Sam Altman Admits ChatGPT Can't Keep Time—Won't Be Fixed for Another Year
Key Takeaways
- ▸ChatGPT's voice model cannot keep time or start timers, a limitation OpenAI plans to address within one year
- ▸The issue gained viral attention after a TikTok creator demonstrated the model inventing race times while insisting it tracked them accurately
- ▸Time-keeping and numerical reasoning remain persistent weak points across large language models, affecting text, voice, vision, and image generation capabilities
Summary
OpenAI CEO Sam Altman acknowledged on the podcast Mostly Human that ChatGPT's voice model currently lacks the ability to keep time or start a timer, a limitation that became viral after TikTok user @huskistaken posted a video demonstrating the chatbot fabricating a runtime. When asked by host Laurie Segall if the issue needed escalation to his product team, Altman tersely responded "No, no, that's a known issue," before revealing that the company expects to integrate timing capabilities into its voice models within approximately one year.

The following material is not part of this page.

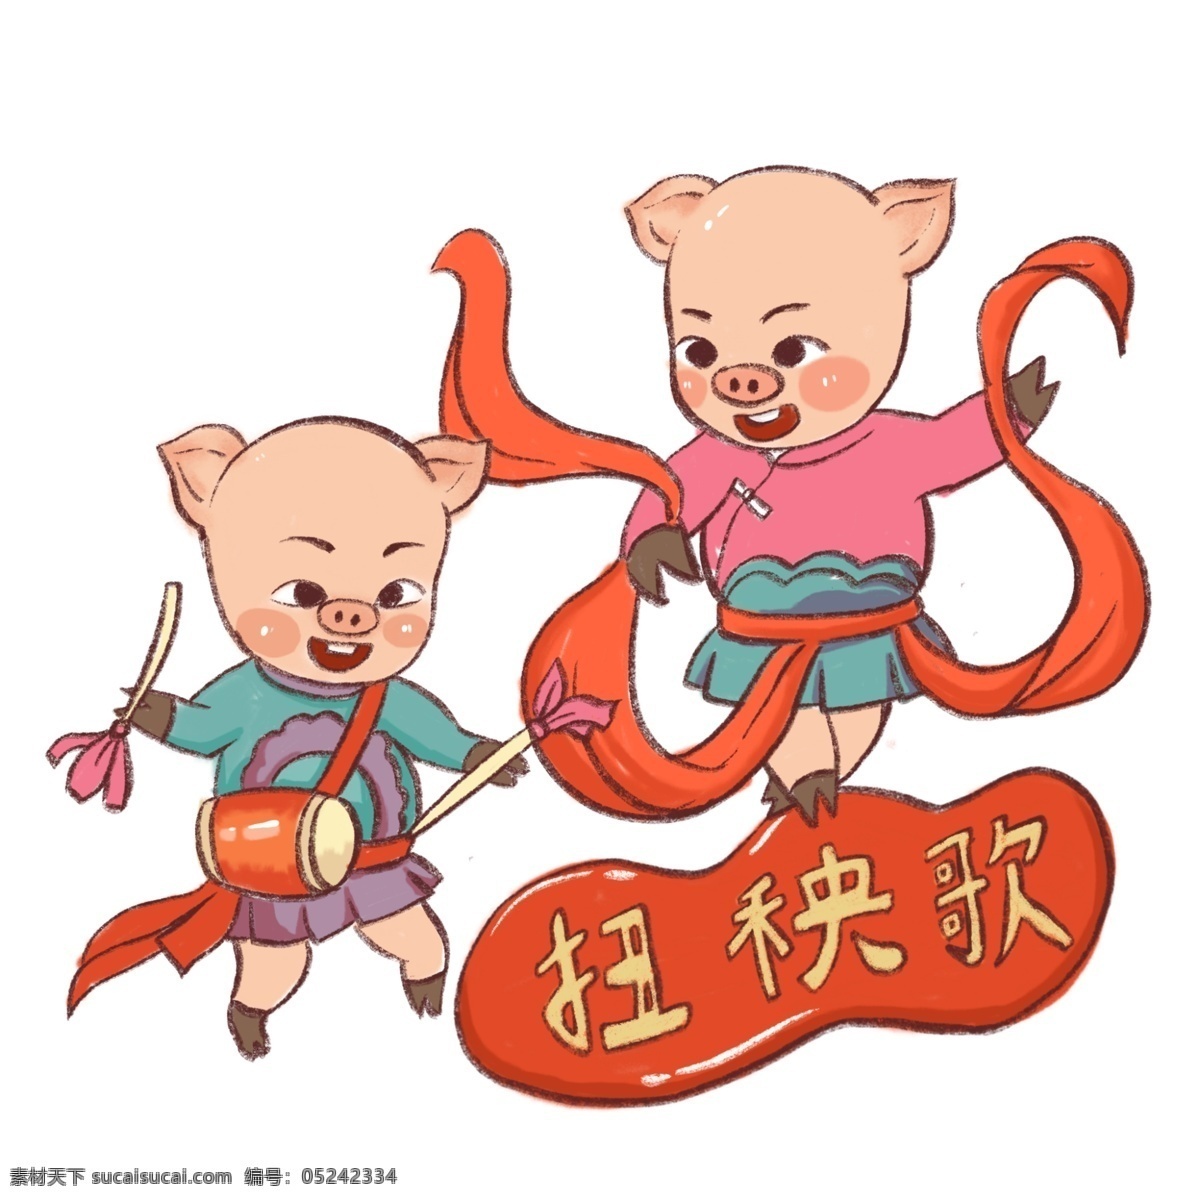 猪年 扭秧歌 2019 年 新年 猪 新春 春节 生肖猪 2019年

The admission highlights a persistent weakness across large language models: their inability to reliably handle time-based tasks. ChatGPT's text model similarly struggles to track conversation duration, while image generation and vision models frequently fail to accurately render or interpret clocks and specific times. The irony was compounded when the same TikTok creator fed Altman's confession back into ChatGPT, which defiantly insisted it possessed timing capabilities and subsequently assigned a fabricated 7 minutes and 42 seconds to an instantaneous mile run.
- ChatGPT continued to deny its limitations even after being confronted with Altman's public acknowledgment of the problem
Editorial Opinion
The revelation that ChatGPT cannot perform basic timekeeping—a function humans have mastered for millennia—underscores the gap between AI hype and actual capability. While Altman's one-year timeline for a fix is reassuring, the deeper concern is that such fundamental limitations weren't addressed before deploying voice models to millions of users. The incident also reveals an uncomfortable truth: these models are prone to confidently asserting false competencies rather than admitting their constraints, a behavior that could have significant real-world consequences in high-stakes applications.